Code accompanying the ACL 2023 publication "A Fast Algorithm for Computing Prefix Probabilities".
This repository contains implementations for parsing weighted context free grammars (WCFGs) in chomsky normal form (CNF).
A context-free grammar is in CNF if the all the rules are in one of the following forms:
S -> ε
X -> Y Z
X -> a
Where S is the distinguished start non-terminal, X, Y, and Z are non-terminals, and a is a terminal.

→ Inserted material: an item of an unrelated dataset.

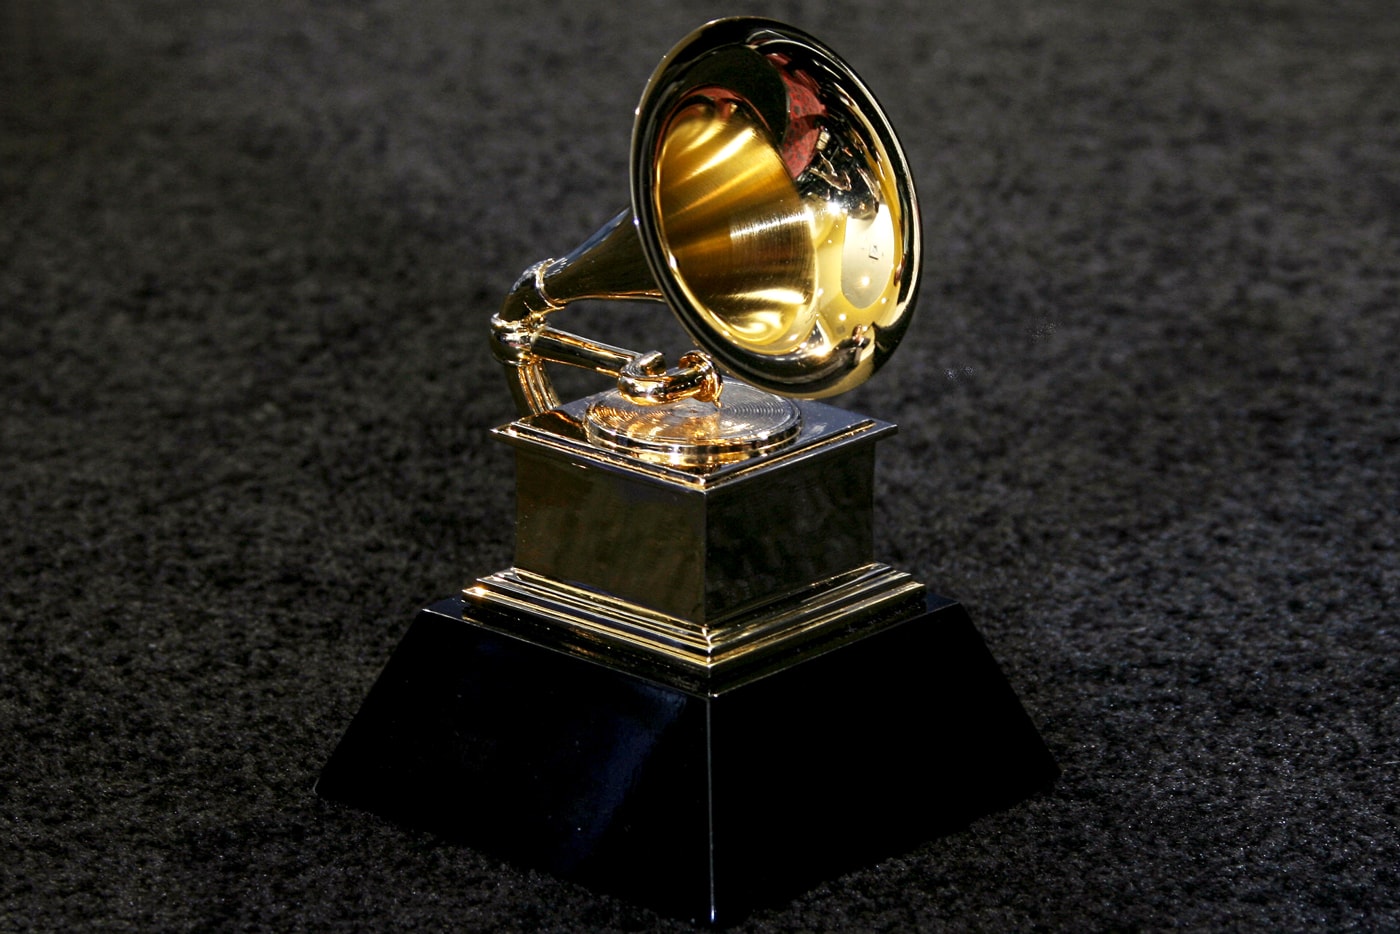 Grammys Close Eligibility Window One Month Early Oscars The Recording Academy
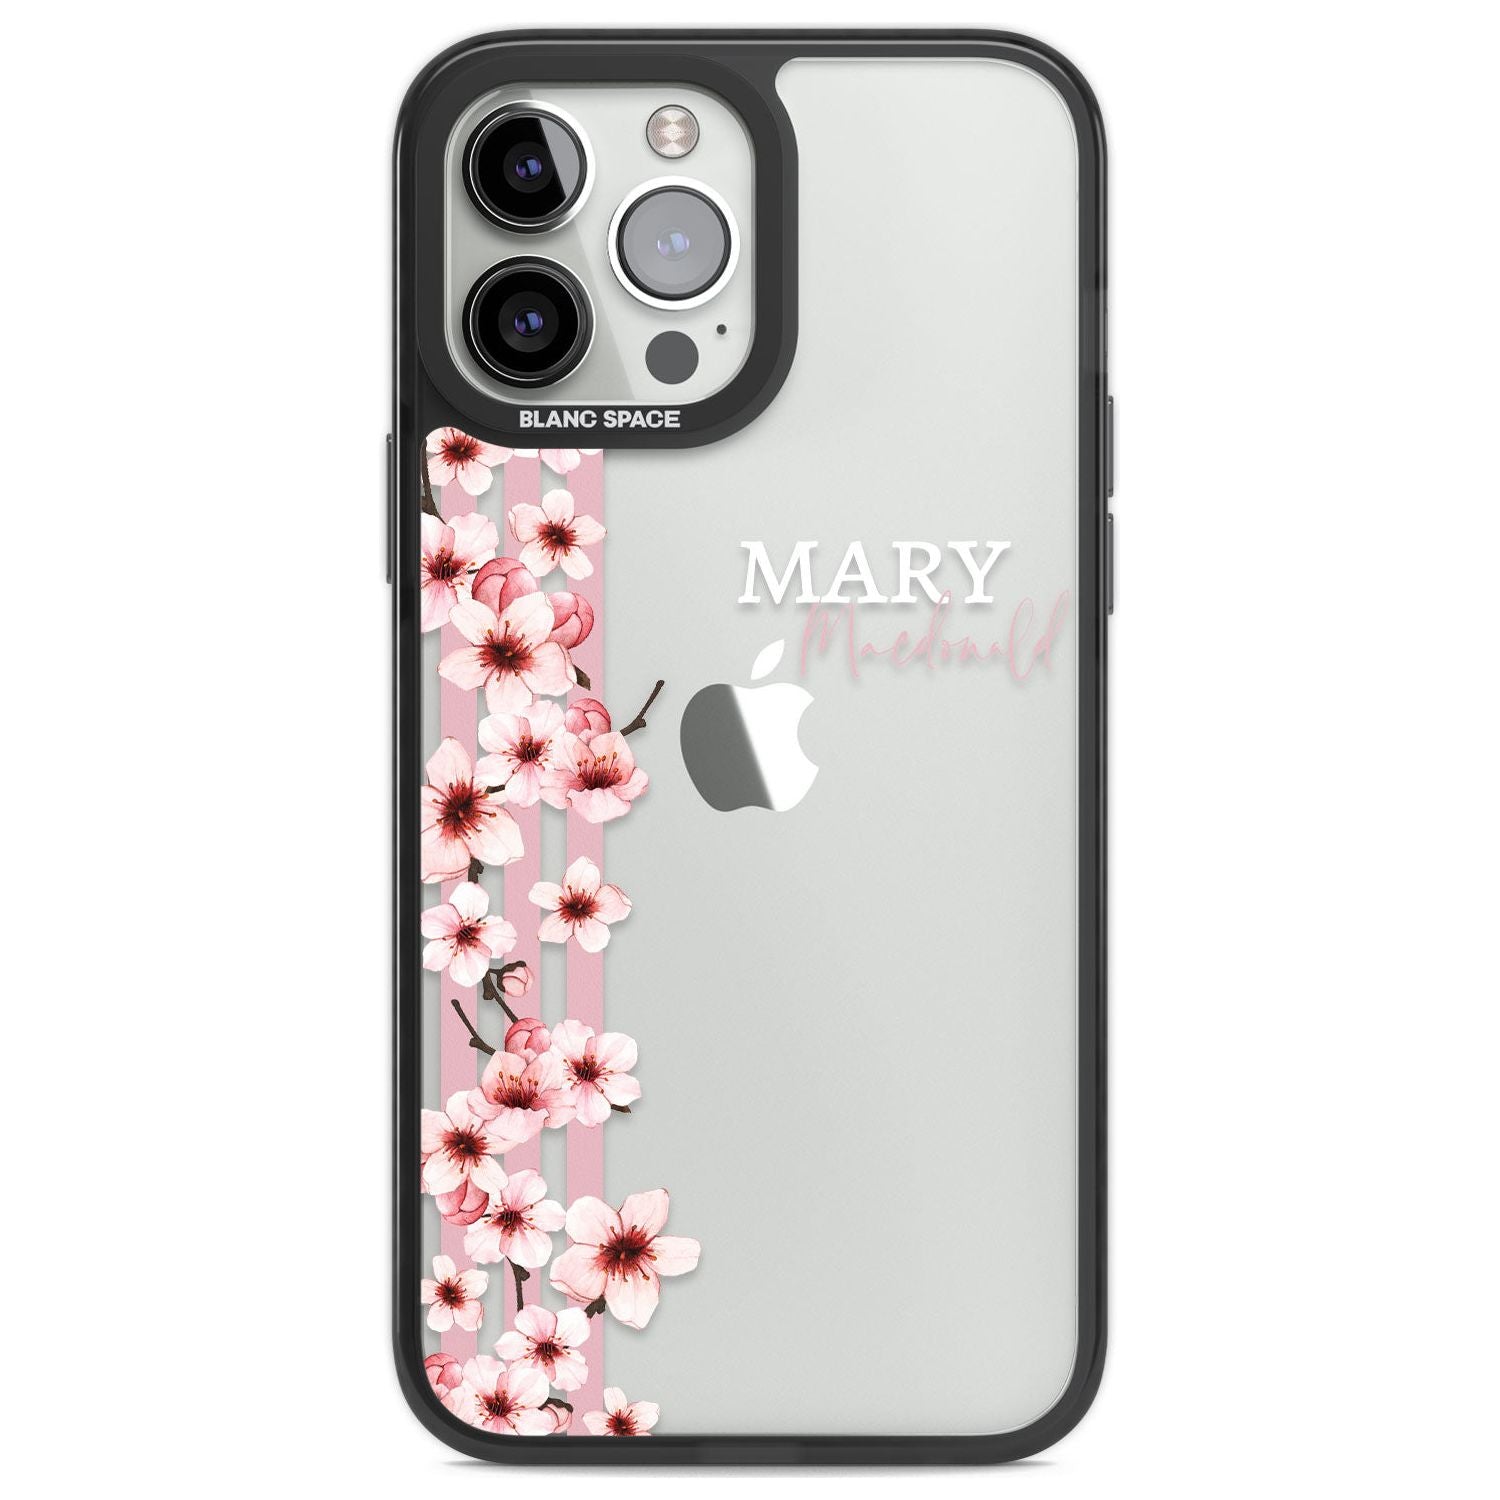 Personalised Cherry Blossoms & Stripes Custom Phone Case iPhone 13 Pro Max / Black Impact Case,iPhone 14 Pro Max / Black Impact Case Blanc Space

The methods can be found under src/parsing/parser.py
implement:
- The CKY algorithm (Kasami, 1965; Younger, 1967; Cocke and Schwartz, 1969) for parsing a string under a WCFG in CNF;
- The LRI algorithm (Jelinek and Lafferty, 1991) for finding the weight of a prefix string under a WCFG in CNF;
- An improved version of the LRI algorithm (Nowak and Cotterell, 2023) using additional memoization.
To start, run:
$ git clone [email protected]:rycolab/prefix-parsing.git
$ cd prefix-parsing
$ pip install -e .
To unit test, run:
pytest .
First, define a weighted context free grammar as follows:
from fastlri.parsing.parser import Parser
from fastlri.base.cfg import CFG
from fastlri.base.nonterminal import NT
from fastlri.base.symbol import Sym
# define the nonterminals of the grammar
NP = NT("NP")
VP = NT("VP")
Det = NT("Det")
N = NT("N")
PP = NT("PP")
V = NT("V")
Adj = NT("Adj")
Adv = NT("Adv")
AdvP = NT("AdvP")
# define the terminals of the grammar
fruit = Sym("fruit")
flies = Sym("flies")
like = Sym("like")
a = Sym("a")
green = Sym("green")
banana = Sym("banana")
# define the rules of the grammar
cfg = CFG()
cfg.add(1, cfg.S, NP, VP)
cfg.add(0.25, NP, Det, N)
cfg.add(0.25, NP, Det, NP)
cfg.add(0.25, NP, N, N)
cfg.add(0.25, NP, Adj, N)
cfg.add(1, VP, V, NP)
cfg.add(1, AdvP, Adv, NP)
cfg.add(0.5, N, fruit)
cfg.add(0.25, N, flies)
cfg.add(0.25, N, banana)
cfg.add(0.5, V, flies)
cfg.add(0.5, V, like)
cfg.add(1, Det, a)
cfg.add(1, Adj, green)
cfg.add(1, Adv, like)
Alternatively, grammars can more easily be defined directly from strings, where non-terminals need to be capitalized or start with an '@', whereas terminals are lower case:
cfg = CFG.from_string("""
1.0: S -> NP VP
0.5: N -> fruit
0.25: N -> flies
0.25: N -> banana
0.5: V -> like
0.5: V -> flies
0.25: NP -> N N
0.25: NP -> Det N
0.25: NP -> Adj N
0.25: NP -> Det NP
1.0: VP -> V NP
1.0: Adj -> green
1.0: Adv -> like
1.0: Det -> a
1.0: AdvP -> Adv NP
""", start = 'S')
Then, create a parser for this CFG:
parser = Parser(cfg)
Now you can parse input strings using CKY:
parser.cky("fruit flies like a green banana")
0.000244140625
Similarly for lri and fast lri:
parser.lri("fruit flies like a green banana")
0.000244140625
parser.lri_fast("fruit flies like a green banana")
0.000244140625
For a prefix that has no rooted parse tree under the CFG, cky will return 0, while lri returns a positive probability:
parser.cky("fruit flies like")
0.0
parser.lri_fast("fruit flies like")
0.015625
It is also possible to get the full dynamic programming chart by setting a flag:
parser.lri_fast("fruit flies", chart=True)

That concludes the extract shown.